• Responds to reports of adverse drug reactions including fatalities and quality concerns, NMQAL commences testing  
• Drugs in question include Ondansetron, Cefotaxime Sodium, Co-amoxiclav, Haloperidol, Imipenem/Cilastatin, Iron Sucrose, Meropenem, Piperacillin and Tazobactam, Cefoperazone/Sulbactam

The National Medicines Regulatory Authority (NMRA) has informed the local market authorisation holder to immediately withhold a total of 10 injectable medicines used in hospital settings, following reports of adverse drug reactions and concerns over product quality.

In a letter dated Tuesday (16), marked very urgent, which was seen by The Daily Morning, the NMRA instructed that all parenteral products manufactured by the relevant Indian manufacturer be withheld from use as a precautionary measure, pending further investigations. The decision was said to be taken based on continuous adverse drug reaction reports received by the NMRA, including fatal reactions, and recommendations made in preliminary investigation reports by a consultant microbiologist attached to the Kandy National Hospital.

The NMRA stated that relevant product testing at the National Medicines Quality Assurance Laboratory (NMQAL) has been initiated to assess the safety, quality, and efficacy of the medicines. The NMRA further directed that all listed products be withdrawn immediately from the entire private sector.

The medicines ordered to be withheld include: the Ondansetron Injection US  Pharmacopeia (USP) eight mg per four ml, commonly used to prevent nausea and vomiting; the Cefotaxime Sodium for Injection British Pharmacopeia (BP) 1,000 mg, a broad-spectrum antibiotic; Co-amoxiclav for Injection BP 1.2 g and 600 mg, used to treat bacterial infections; the Haloperidol Injection BP five mg/ml, prescribed for psychiatric and acute agitation-related conditions; Imipenem/Cilastatin for Injection one g (500 mg/500 mg), a high-end antibiotic used for severe infections; the Iron Sucrose Injection USP 100 mg/five ml, used in the treatment of iron deficiency anaemia; Meropenem for Injection USP one g, another critical-care antibiotic; Piperacillin and Tazobactam for Injection USP 4.5 g, used for serious bacterial infections; and Cefoperazone/Sulbactam for Injection one g, also an antibiotic combination.
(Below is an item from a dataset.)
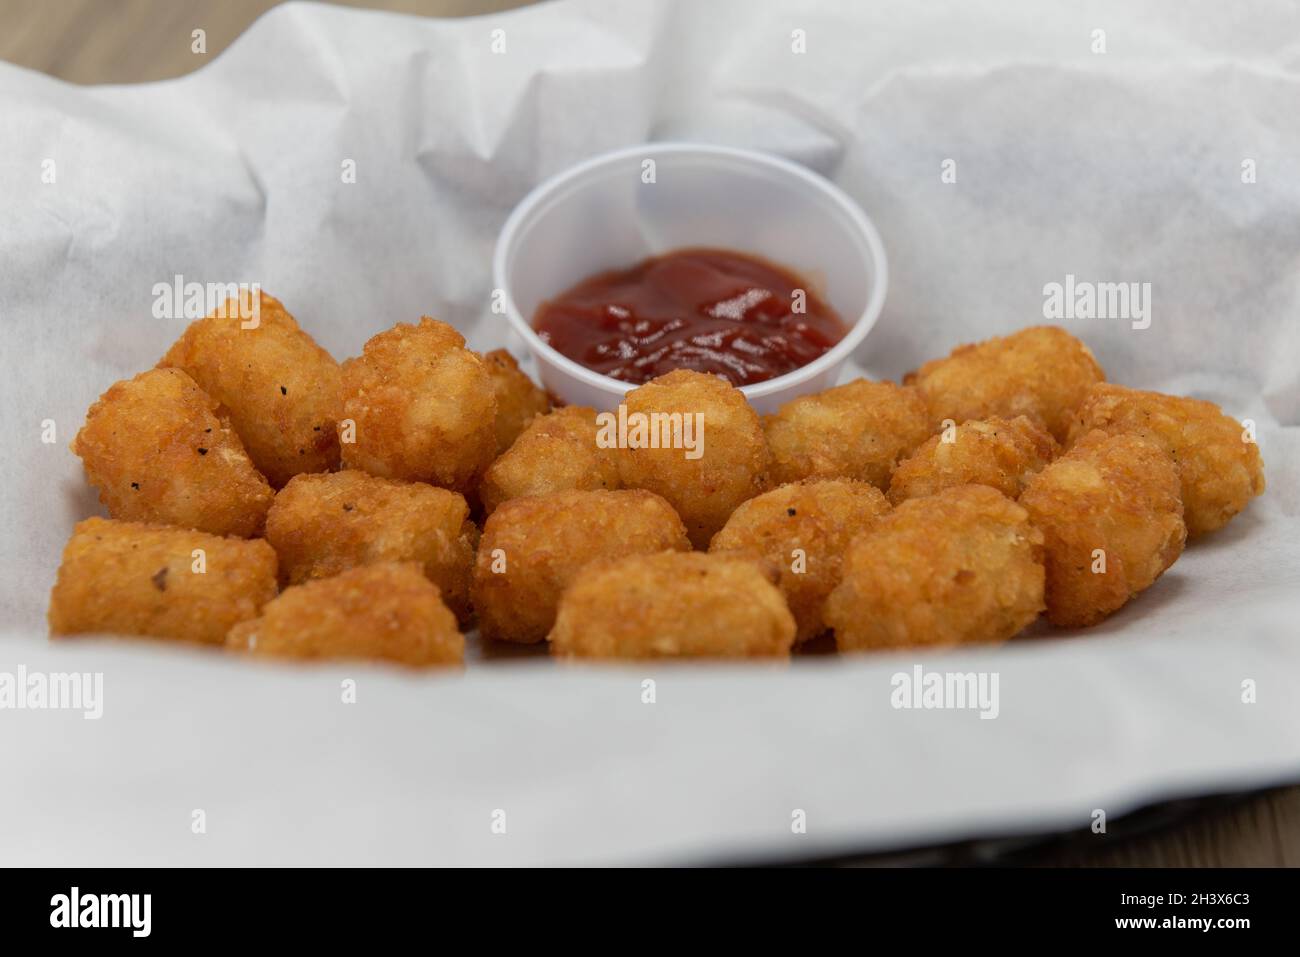 Vorspeise Bestellung eines Korbes mit knusprigen Tator Tots komplett mit Ketchup Dipping Sauce. Stockfoto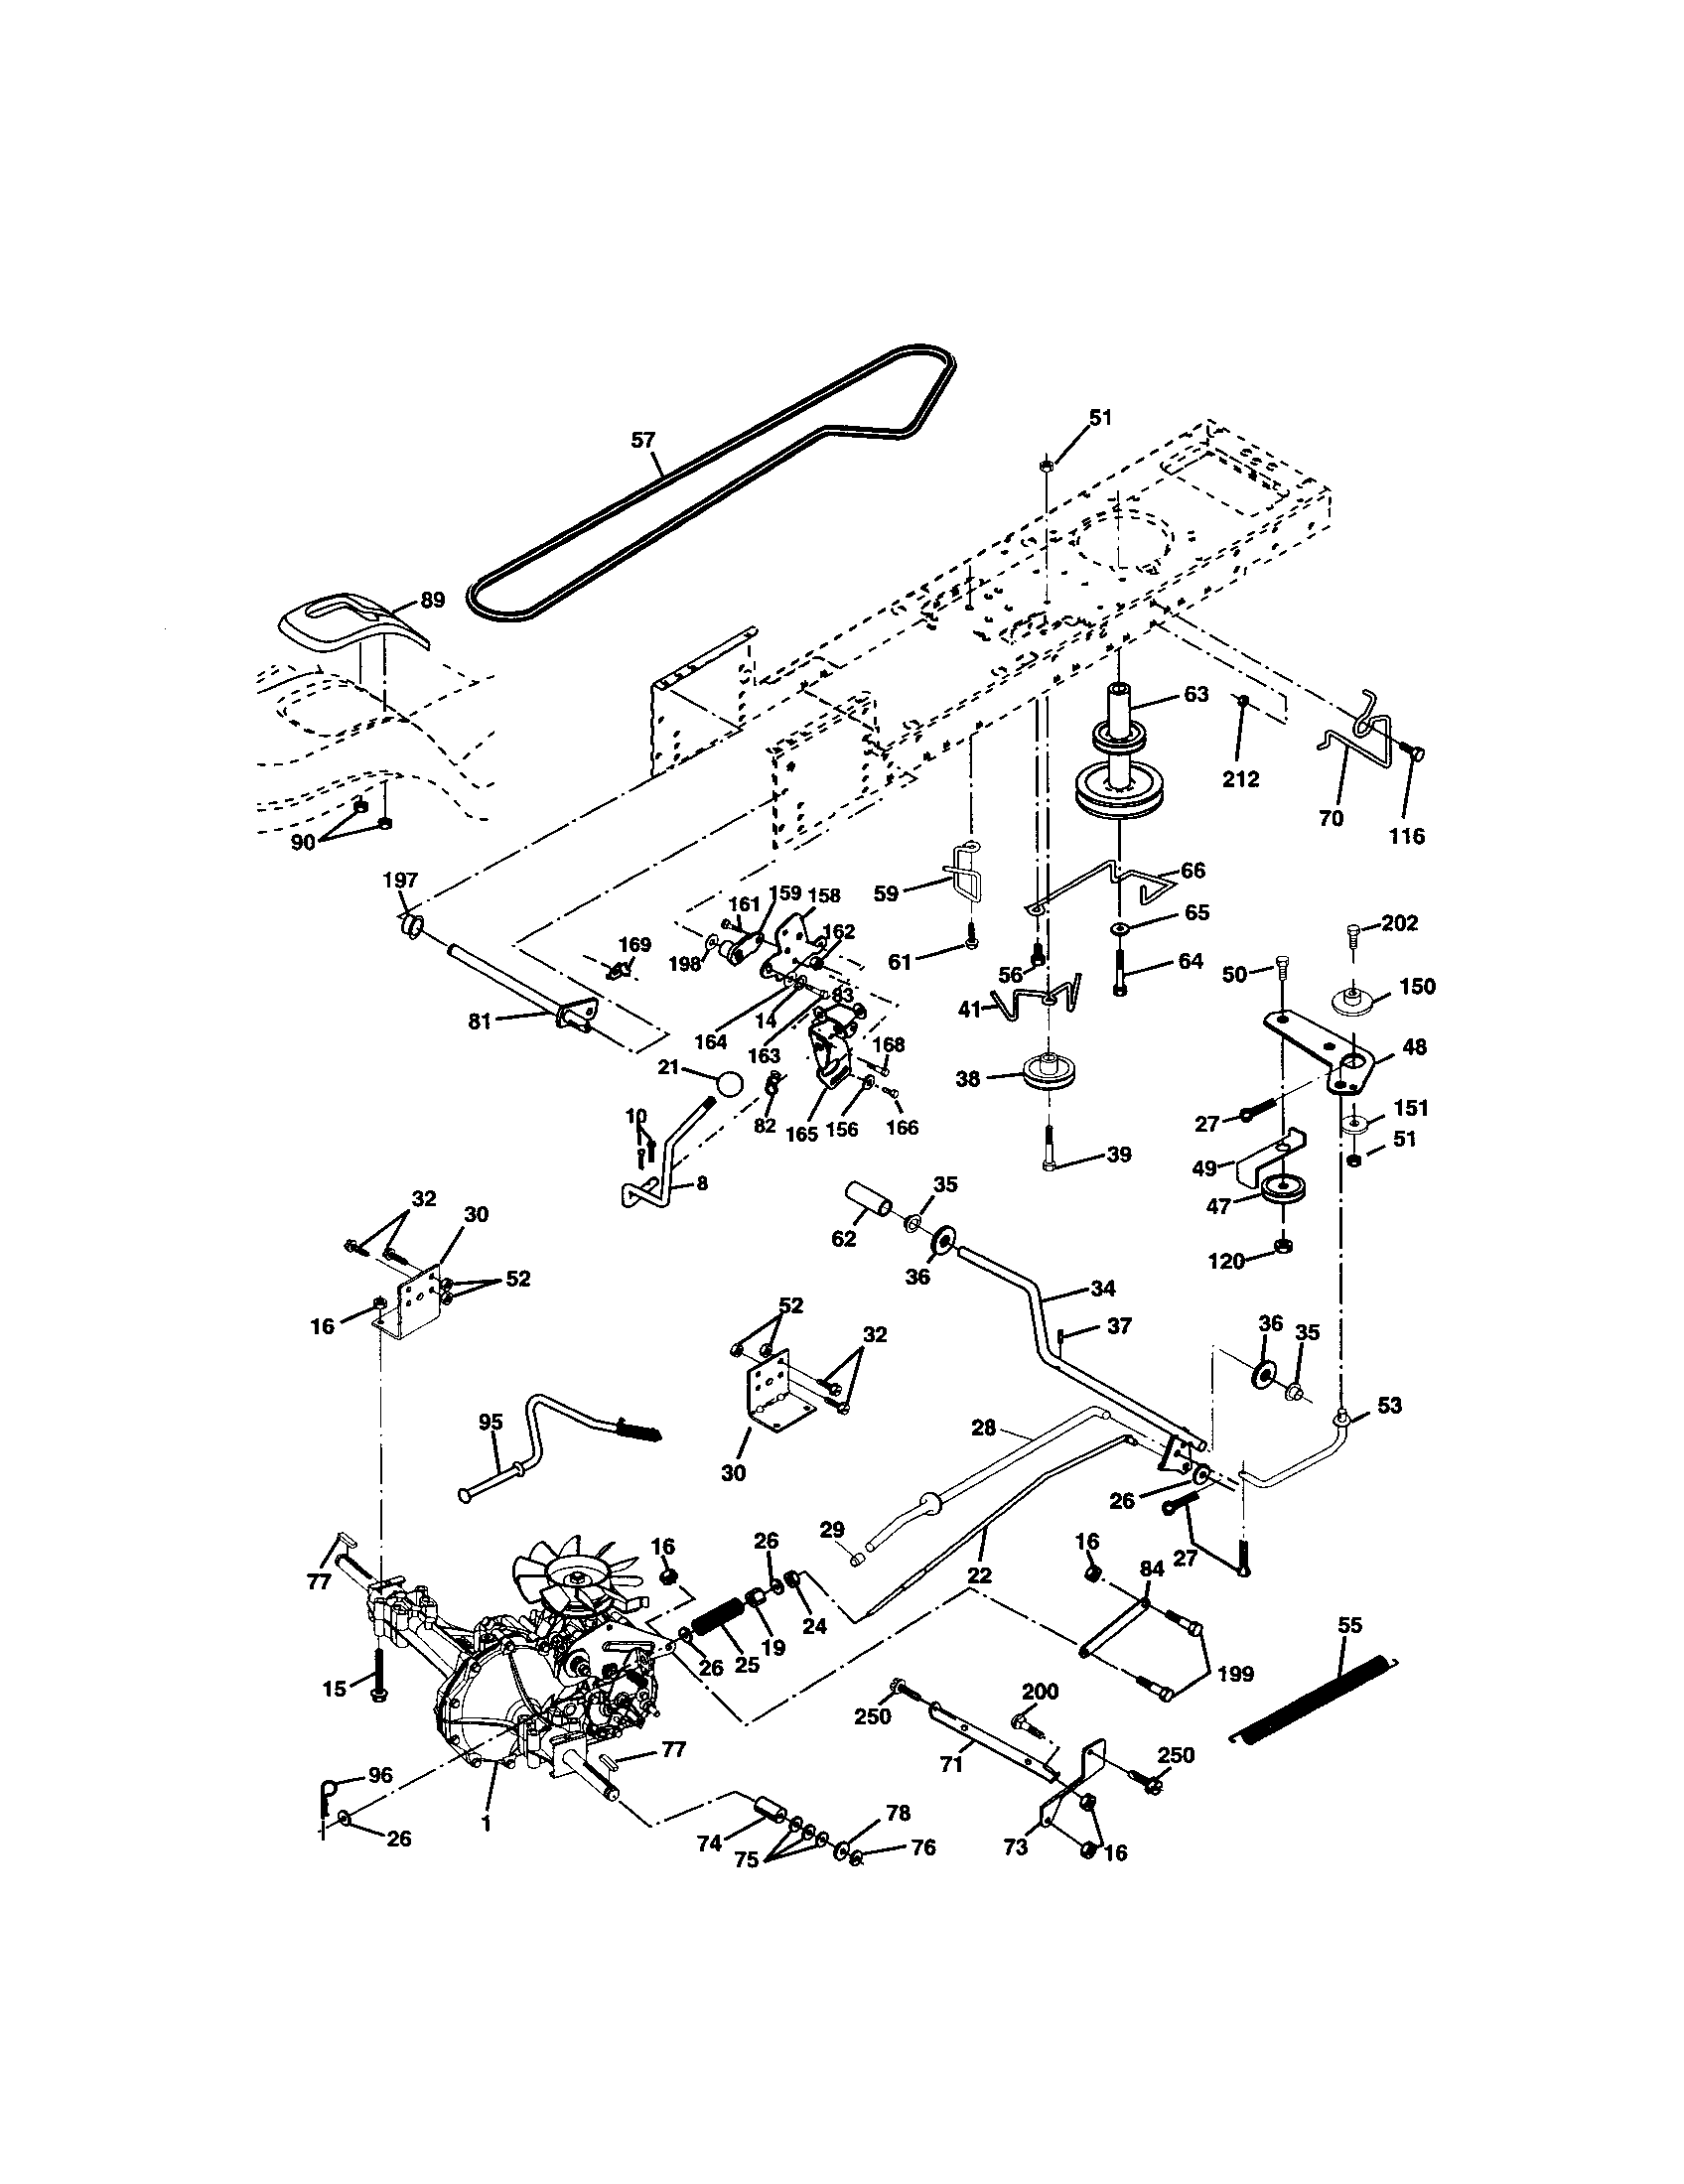 Craftsman Ltx 1000 Parts Diagram Diagram Resource Gallery

Commenting on the Ondansetron Injection withdrawal on an earlier occasion, the Government Medical Officers’ Association (GMOA) Media Committee Member, Dr. Chamil Wijesinghe said the withdrawal follows a preliminary inquiry after a number of patients developed adverse reactions following the administration of one of the drugs. He also said that such withdrawals are not unusual, noting that around 80 to 100 incidents involving drug-related concerns are reported annually, with medicines being withdrawn for various reasons. However, he stressed the importance of determining whether any quality issue originated during the manufacturing process or whether storage and transportation conditions may have affected the drug. “Normally, when a drug is imported, it undergoes laboratory testing by the NMRA. If that process was followed, it is important to know if these issues were not detected at that point,” he said. Commenting on reports that two patients who received the drug later died, Dr. Wijesinghe said that this has not been confirmed. “It has not yet been established whether the deaths were caused by the drug. A conclusion can only be reached after post-mortem reports are reviewed,” he said, and added that more than 250,000 doses of the drug in question were imported, and that over 220,000 doses have already been used, with the vast majority of patients showing no adverse effects. As such, he urged the public not to panic.

He also renewed the GMOA's call for the establishment of a national quality regulatory laboratory in line with World Health Organisation standards, noting that no meaningful steps have been taken in that direction so far. It further urged the authorities to provide accurate and timely information to the public rather than withholding details, warning that transparency is key to maintaining public trust.

Meanwhile, the Medical and Civil Rights Professional Association of Doctors organisation’s President, consultant/specialist Dr. Chamal Sanjeewa said that the decision to withdraw 10 injectable medicines with immediate effect was unprecedented in Sri Lanka. He said that the NMRA’s directive followed concerns over substandard quality and suspected allergic reactions linked to the drugs. Dr. Sanjeewa also pointed out that more than 100 batches of medicines imported from the same company have been temporarily or permanently withdrawn over the past two years due to quality issues. He accused the health authorities, including the Health Ministry, the drug regulatory system, and the State Pharmaceuticals Corporation, of failing to properly manage and regulate the country’s medicine supply.

Attempts to contact the Deputy Health Minister Dr. Hansaka Wijemuni, the Health Ministry Secretary Dr. Anil Jasinghe, and the NMRA Chairperson Dr. Ananda Wijewickrama were unsuccessful.